L’altra legge contro cui la gente scende in piazza è meno comprensibile a un pubblico occidentale. Secondo una tradizione coloniale tipica dell’Asia orientale, questa volta non saranno gli imperi britannico e francese ad acquisire territori “affittandoli” per 99 anni, bensì il nuovo “impero” della Repubblica Popolare Cinese. Ampi territori collocati in aree strategiche, come le isole di Van Don (al confine fra Vietnam e Cina), Bac Van Phong (sulla costa centrale, strategico per controllare le rotte del Mar Cinese Meridionale) e l’isola di Phu Quoc, che dà sul golfo del Siam. Perché anche i cristiani protestano? Come dichiara ad Asia News un maestro elementare cattolico: “Con l’acquisizione dei territori, entro il 2020 la Cina potrebbe controllare quasi tutto il Vietnam, esercitando il suo ‘soft power’ sull’economia, la finanza e la cultura locale. Se ciò accadesse, il cattolicesimo sarebbe ancora più minacciato dal comunismo e si troverebbe ad affrontare immense difficoltà”.
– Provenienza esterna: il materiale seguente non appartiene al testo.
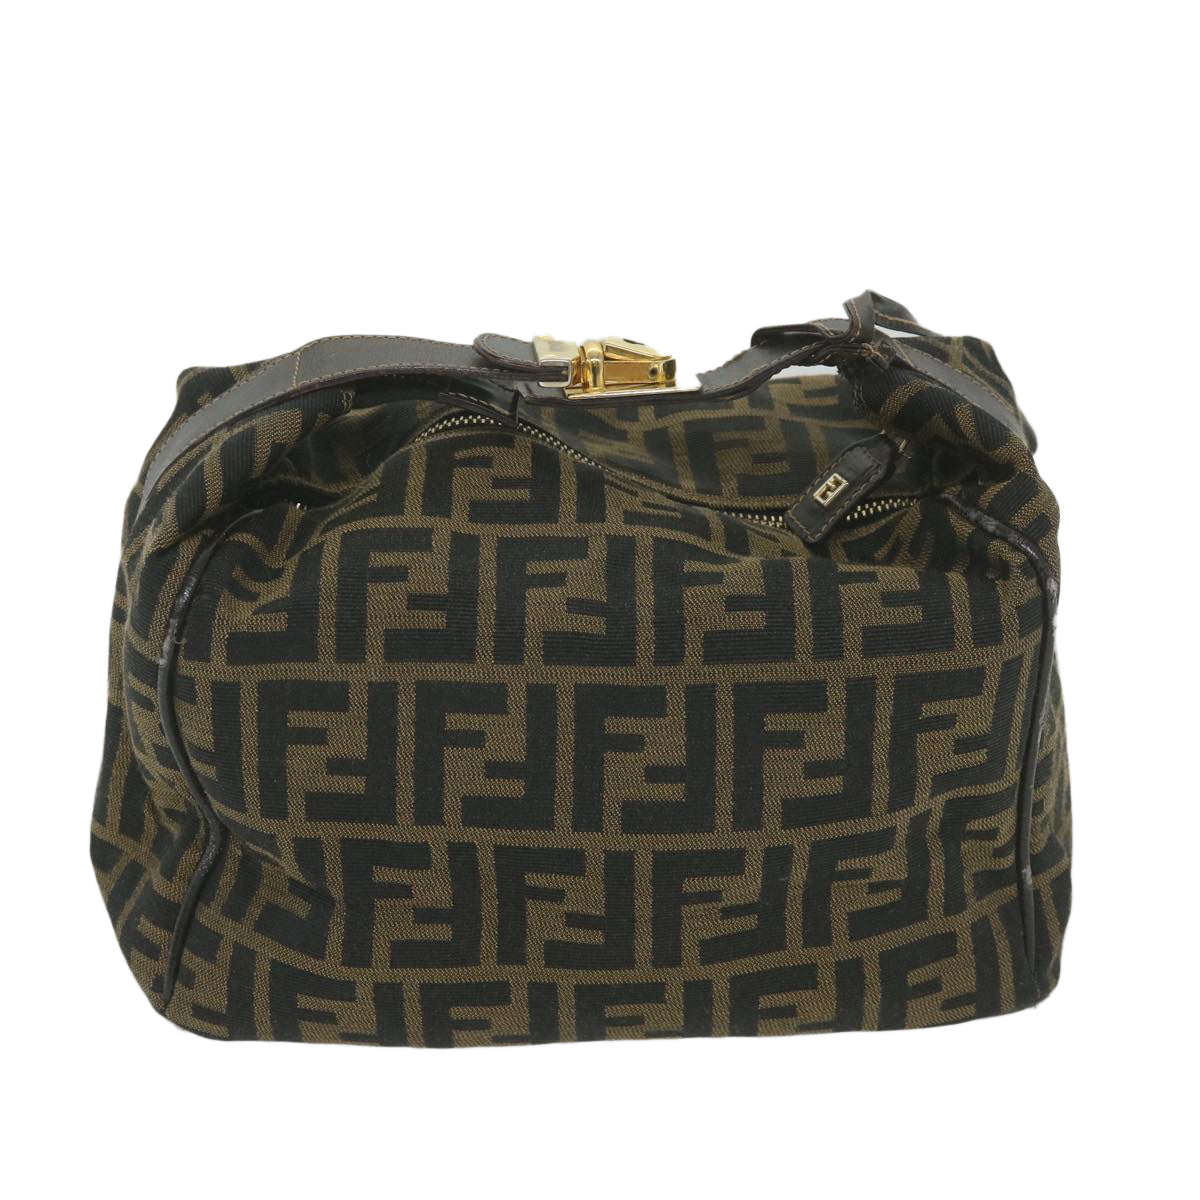 FENDI Zucca Canvas Vanity Cosmetic Pouch Black Brown Auth 59688

La Santa Sede dialoga con Pechino, come è noto a tutti. Meno noto è il dialogo con Hanoi, che pure risale a tanti anni fa. Seri tentativi di normalizzazione delle relazioni sono in corso almeno dal 2011. Dal 10 gennaio di quell’anno, infatti, al Corpo diplomatico accreditato presso la Santa Sede si è aggiunto un “rappresentante pontificio” per il Vietnam. I rapporti diplomatici con il Paese sono interrotti dal 1975 dopo l’occupazione di Saigon da parte dei comunisti di Hanoi. Alla nomina del 2011, da parte di Benedetto XVI si era arrivati dopo una serie di visite di delegazioni dell’una e del’altra parte, culminate con la visita dell’allora primo ministro Nguyen Tan Dung in Vaticano nel 2007 e quella dell’allora presidente Nguyen Minh Triet l’11 dicembre 2009, la prima volta di un presidente comunista vietnamita nella Santa Sede. Eppure negli ultimi sette anni i progressi sono stati molto pochi. I sacerdoti cooptati dal regime, parte dell’Assemblea nazionale, hanno votato per la legge contro la libertà di espressione sul Web.